Work instruction:
Set down every entry again word for word, please, but skip the pictures.

Supplied data:

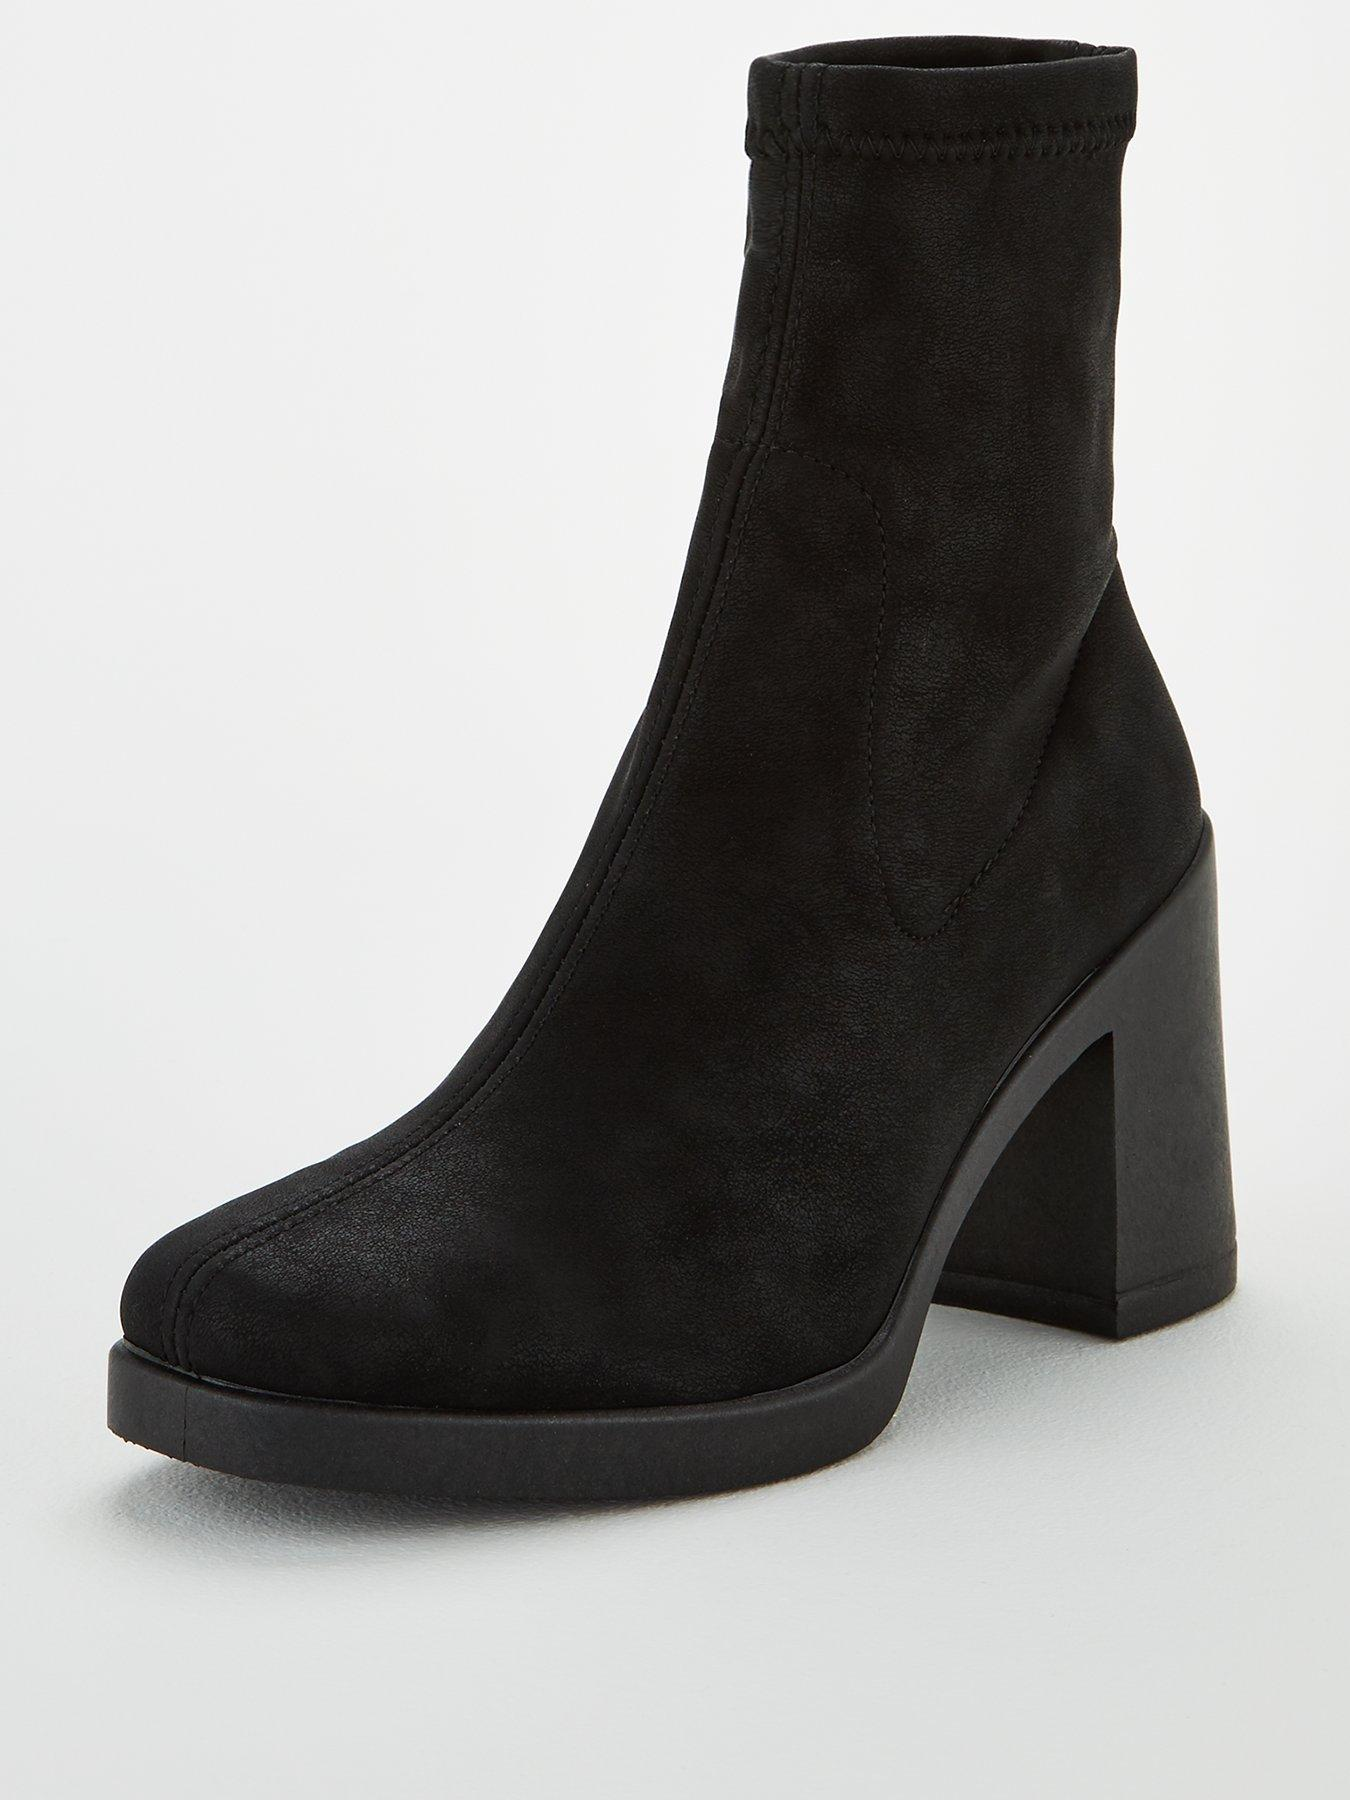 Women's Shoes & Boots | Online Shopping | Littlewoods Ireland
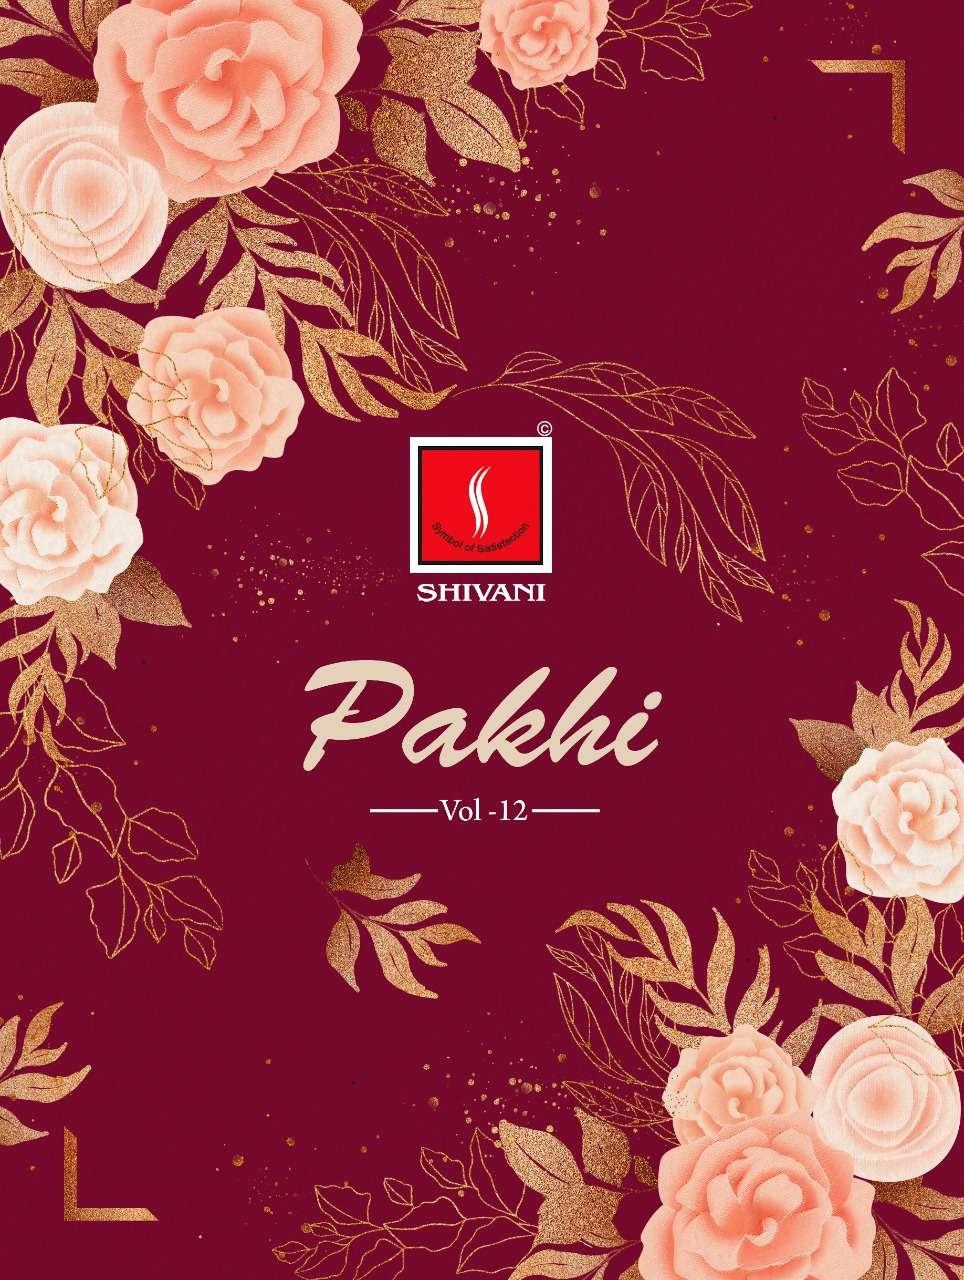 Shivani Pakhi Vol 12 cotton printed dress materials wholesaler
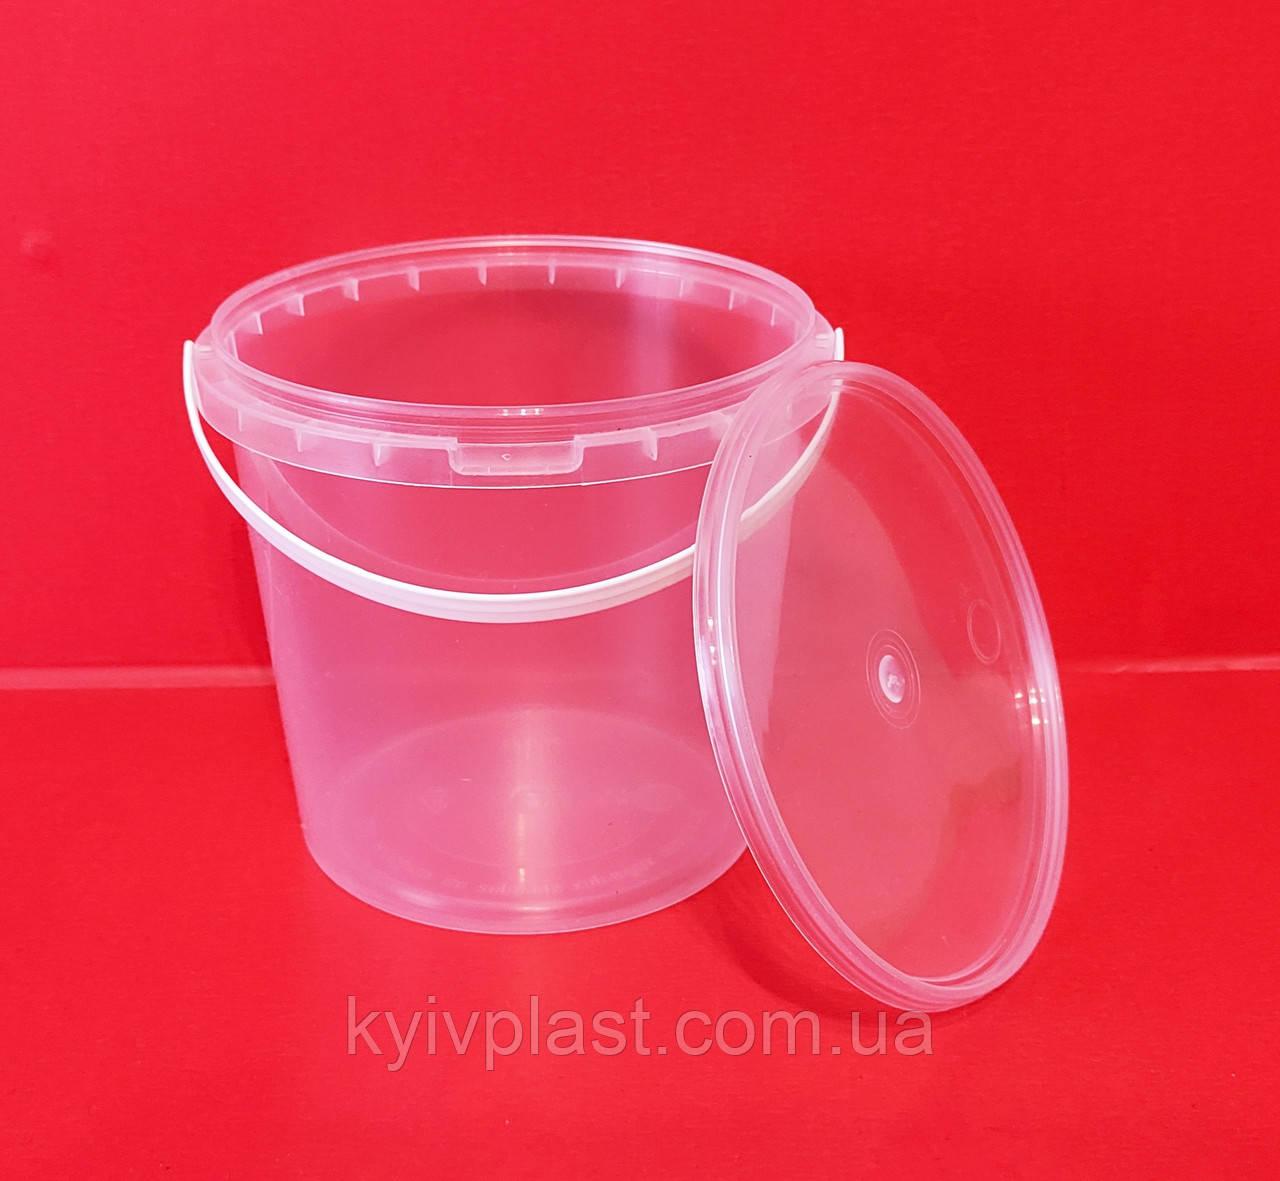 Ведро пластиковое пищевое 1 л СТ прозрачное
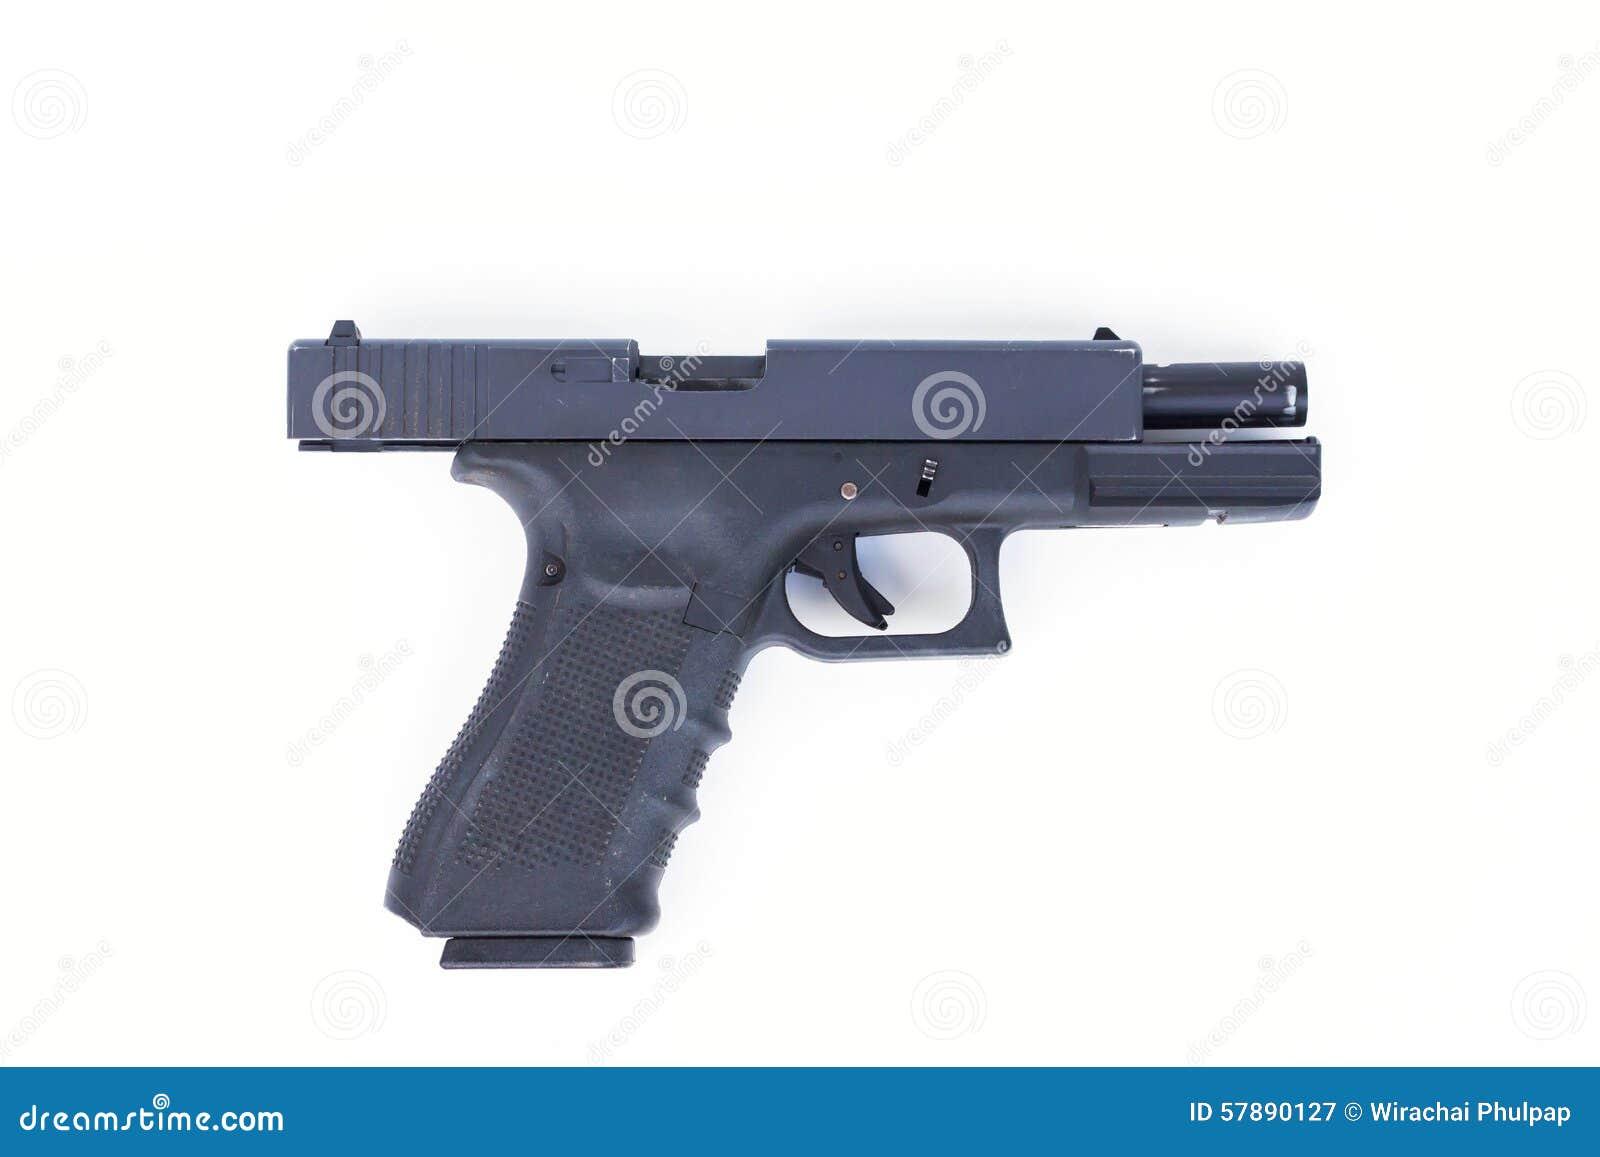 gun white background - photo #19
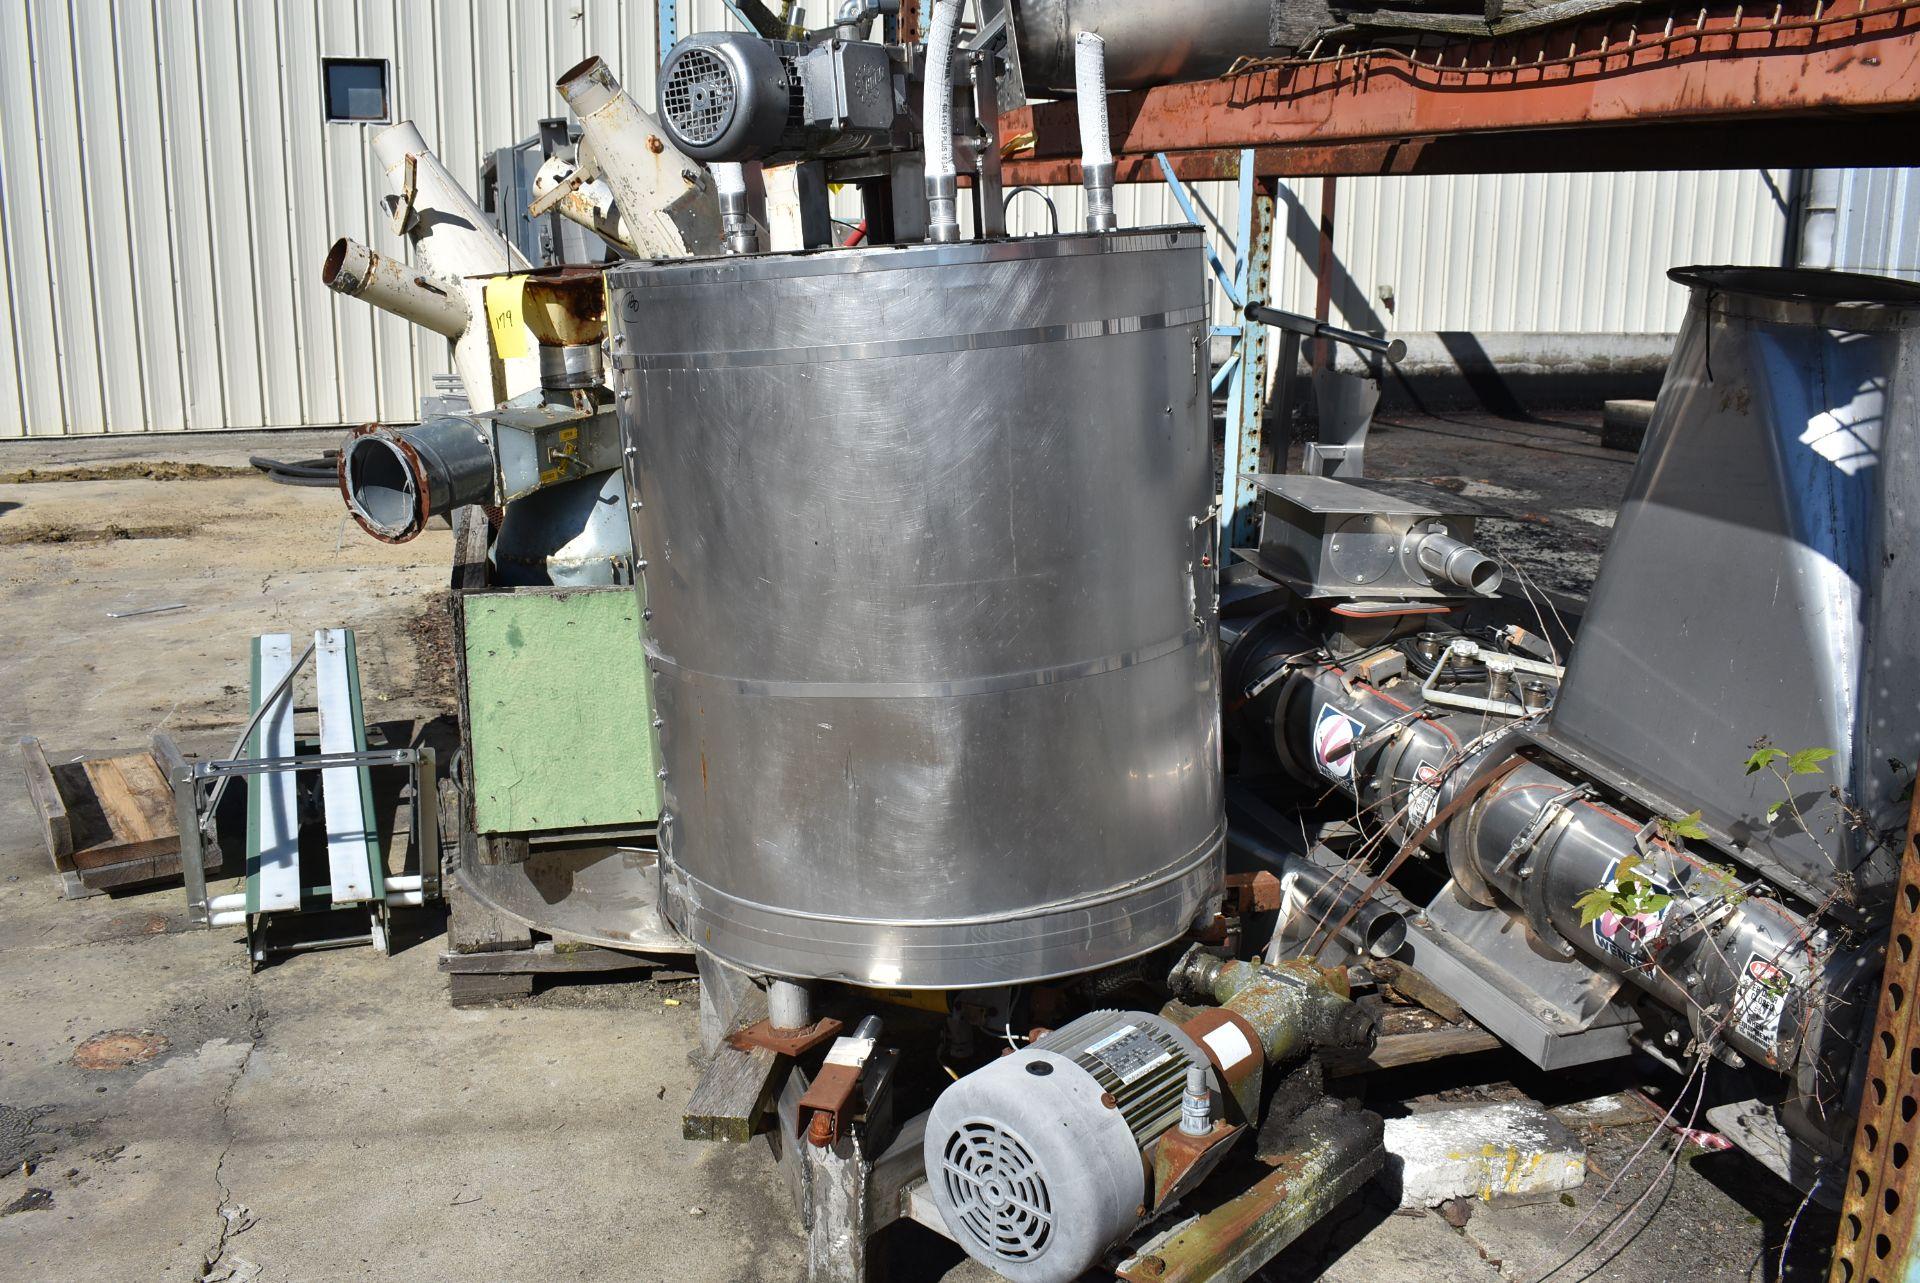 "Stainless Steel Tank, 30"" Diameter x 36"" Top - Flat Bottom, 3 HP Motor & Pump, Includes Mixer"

Answer for the task:
 Women's Shoes & Boots | Online Shopping | Littlewoods Ireland
 Shivani Pakhi Vol 12 cotton printed dress materials wholesaler
 Ведро пластиковое пищевое 1 л СТ прозрачное
 gun white background - photo #19
 "Stainless Steel Tank, 30"" Diameter x 36"" Top - Flat Bottom, 3 HP Motor & Pump, Includes Mixer"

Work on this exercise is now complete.